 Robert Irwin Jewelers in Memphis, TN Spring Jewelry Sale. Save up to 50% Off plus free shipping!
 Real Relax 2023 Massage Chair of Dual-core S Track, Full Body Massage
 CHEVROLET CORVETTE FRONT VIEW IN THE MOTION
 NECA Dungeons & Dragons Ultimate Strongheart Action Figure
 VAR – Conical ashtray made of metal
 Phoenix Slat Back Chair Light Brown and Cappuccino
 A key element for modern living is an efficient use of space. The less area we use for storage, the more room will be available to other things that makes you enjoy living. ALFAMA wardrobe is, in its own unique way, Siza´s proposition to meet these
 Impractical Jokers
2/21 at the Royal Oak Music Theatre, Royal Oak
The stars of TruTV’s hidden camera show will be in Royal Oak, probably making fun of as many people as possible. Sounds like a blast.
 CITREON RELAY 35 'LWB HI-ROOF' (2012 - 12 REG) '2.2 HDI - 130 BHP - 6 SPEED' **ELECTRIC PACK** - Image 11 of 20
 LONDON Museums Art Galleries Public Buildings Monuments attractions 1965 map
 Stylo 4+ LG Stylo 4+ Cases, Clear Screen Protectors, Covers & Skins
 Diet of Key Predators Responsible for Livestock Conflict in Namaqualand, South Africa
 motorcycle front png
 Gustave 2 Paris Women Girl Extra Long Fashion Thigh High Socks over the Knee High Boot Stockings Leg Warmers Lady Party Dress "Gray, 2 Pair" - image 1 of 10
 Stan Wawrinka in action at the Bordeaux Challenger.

§ **Problem requirements**: Restate word for word every line from the one containing "VAR – Conical ashtray made of metal" through the final line of the listing. Both end lines belong in the answer.

§ **Result for this task**:
 VAR – Conical ashtray made of metal
 Phoenix Slat Back Chair Light Brown and Cappuccino
 A key element for modern living is an efficient use of space. The less area we use for storage, the more room will be available to other things that makes you enjoy living. ALFAMA wardrobe is, in its own unique way, Siza´s proposition to meet these
 Impractical Jokers
2/21 at the Royal Oak Music Theatre, Royal Oak
The stars of TruTV’s hidden camera show will be in Royal Oak, probably making fun of as many people as possible. Sounds like a blast.
 CITREON RELAY 35 'LWB HI-ROOF' (2012 - 12 REG) '2.2 HDI - 130 BHP - 6 SPEED' **ELECTRIC PACK** - Image 11 of 20
 LONDON Museums Art Galleries Public Buildings Monuments attractions 1965 map
 Stylo 4+ LG Stylo 4+ Cases, Clear Screen Protectors, Covers & Skins
 Diet of Key Predators Responsible for Livestock Conflict in Namaqualand, South Africa
 motorcycle front png
 Gustave 2 Paris Women Girl Extra Long Fashion Thigh High Socks over the Knee High Boot Stockings Leg Warmers Lady Party Dress "Gray, 2 Pair" - image 1 of 10
 Stan Wawrinka in action at the Bordeaux Challenger.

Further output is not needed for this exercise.